Statistics 694: Homework
Homework 5:
(due Friday December 4, 2020)
- Run the code in mpg-auto.zip using the random_forest model. Does the Random Forest perform better than the Linear Regression?
Homework 4:
(due Friday November 6, 2020)
- Install the DataExplorer R package and run the main function create_report(). See the Introduction to DataExplorer . Run a report of mtcars and another dateset of your choice. I would suggest the storms dateset from the nasaweather R package. Describe the first two Pricipal Components for each dataset that you produce a report for.
- Find a blog post that demonstrates the use of clustering in R. Run the code and produce a plot of the clusters determined by the algorithm.
Homework 3:
(due Wednesday November 4, 2020)
Provide a summary of your class project in an R Notebook. Include a direct reference to the data you are using. If you have used R code to analyze your data show the code and the results in your R Notebook. If you have specific questions, please include them at the top of your summary.
Homework 2:
- Assocate CoLab with your university Google email.

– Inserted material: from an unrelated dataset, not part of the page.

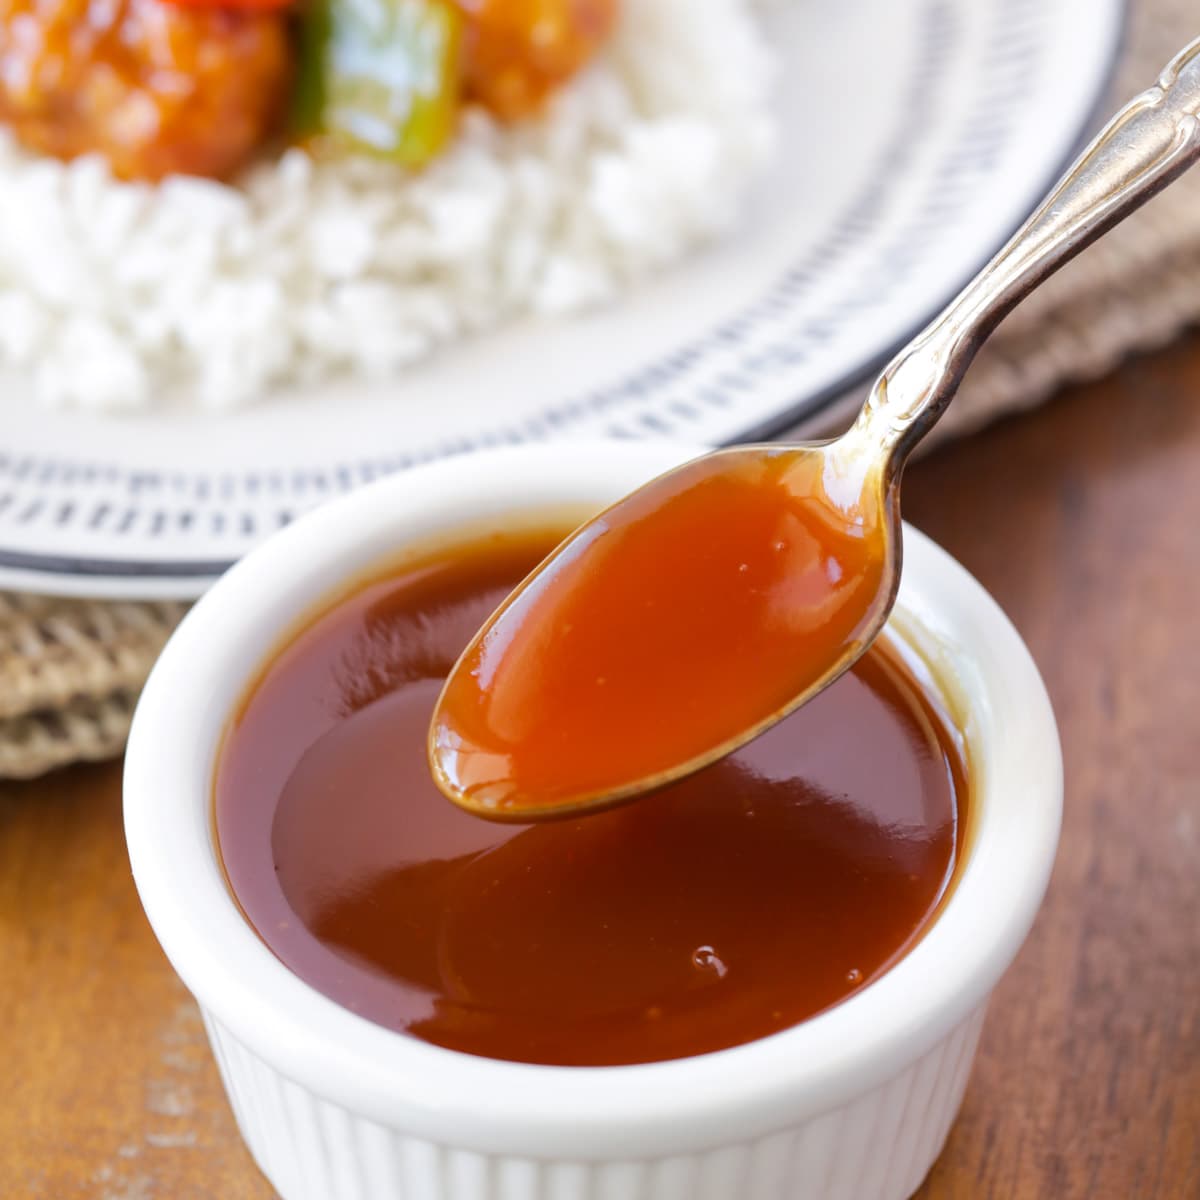 Bowl of sweet and sour sauce with a metal spoon

- Start an R Notebook on CoLab and write up a specific summary of your research plan.
- Give your Notebook an appropriate filename: lastname_firstname_Stat 694_ProjPlan
- In text chuncks, state exactly what your project will entail.
- Give a direct link to the data you will be using.
- Explain any algorithms or model(s) you will be implementing.
- Share the notebook with me. And submit a link to your notebook in Blackboard.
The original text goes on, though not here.